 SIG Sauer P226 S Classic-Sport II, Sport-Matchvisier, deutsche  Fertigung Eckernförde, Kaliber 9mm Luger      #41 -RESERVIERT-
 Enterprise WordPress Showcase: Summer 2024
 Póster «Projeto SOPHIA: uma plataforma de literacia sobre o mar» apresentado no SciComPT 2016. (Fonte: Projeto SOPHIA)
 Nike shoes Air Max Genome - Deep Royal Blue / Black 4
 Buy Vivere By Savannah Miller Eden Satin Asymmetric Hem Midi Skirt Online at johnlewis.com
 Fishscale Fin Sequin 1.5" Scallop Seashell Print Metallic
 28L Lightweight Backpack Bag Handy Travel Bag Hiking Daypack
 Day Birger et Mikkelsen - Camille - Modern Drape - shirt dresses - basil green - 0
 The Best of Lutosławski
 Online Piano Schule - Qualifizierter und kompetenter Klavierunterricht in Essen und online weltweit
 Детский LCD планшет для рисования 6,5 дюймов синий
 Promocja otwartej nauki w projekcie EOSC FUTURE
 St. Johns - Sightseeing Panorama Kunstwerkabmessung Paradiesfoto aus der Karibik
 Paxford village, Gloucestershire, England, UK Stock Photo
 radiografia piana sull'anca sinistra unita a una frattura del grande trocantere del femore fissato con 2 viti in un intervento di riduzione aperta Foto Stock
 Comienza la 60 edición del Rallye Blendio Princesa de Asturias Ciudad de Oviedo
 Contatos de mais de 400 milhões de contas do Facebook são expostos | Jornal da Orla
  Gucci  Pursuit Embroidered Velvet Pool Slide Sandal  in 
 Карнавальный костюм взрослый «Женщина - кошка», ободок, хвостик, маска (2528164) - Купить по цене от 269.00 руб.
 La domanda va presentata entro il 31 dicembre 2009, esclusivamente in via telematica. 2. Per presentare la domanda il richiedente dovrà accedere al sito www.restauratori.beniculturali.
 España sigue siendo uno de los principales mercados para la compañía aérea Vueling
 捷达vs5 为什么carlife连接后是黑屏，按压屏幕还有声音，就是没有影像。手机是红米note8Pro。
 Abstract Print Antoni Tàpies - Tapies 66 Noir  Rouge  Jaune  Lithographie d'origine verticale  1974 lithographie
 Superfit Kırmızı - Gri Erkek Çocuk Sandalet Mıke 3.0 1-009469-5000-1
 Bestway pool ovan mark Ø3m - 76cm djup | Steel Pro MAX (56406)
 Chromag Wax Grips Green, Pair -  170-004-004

| What you need to do |
Which lines of the entries above contain the string "Stock"? Copy each one.

| Task answer |
 Paxford village, Gloucestershire, England, UK Stock Photo
 radiografia piana sull'anca sinistra unita a una frattura del grande trocantere del femore fissato con 2 viti in un intervento di riduzione aperta Foto Stock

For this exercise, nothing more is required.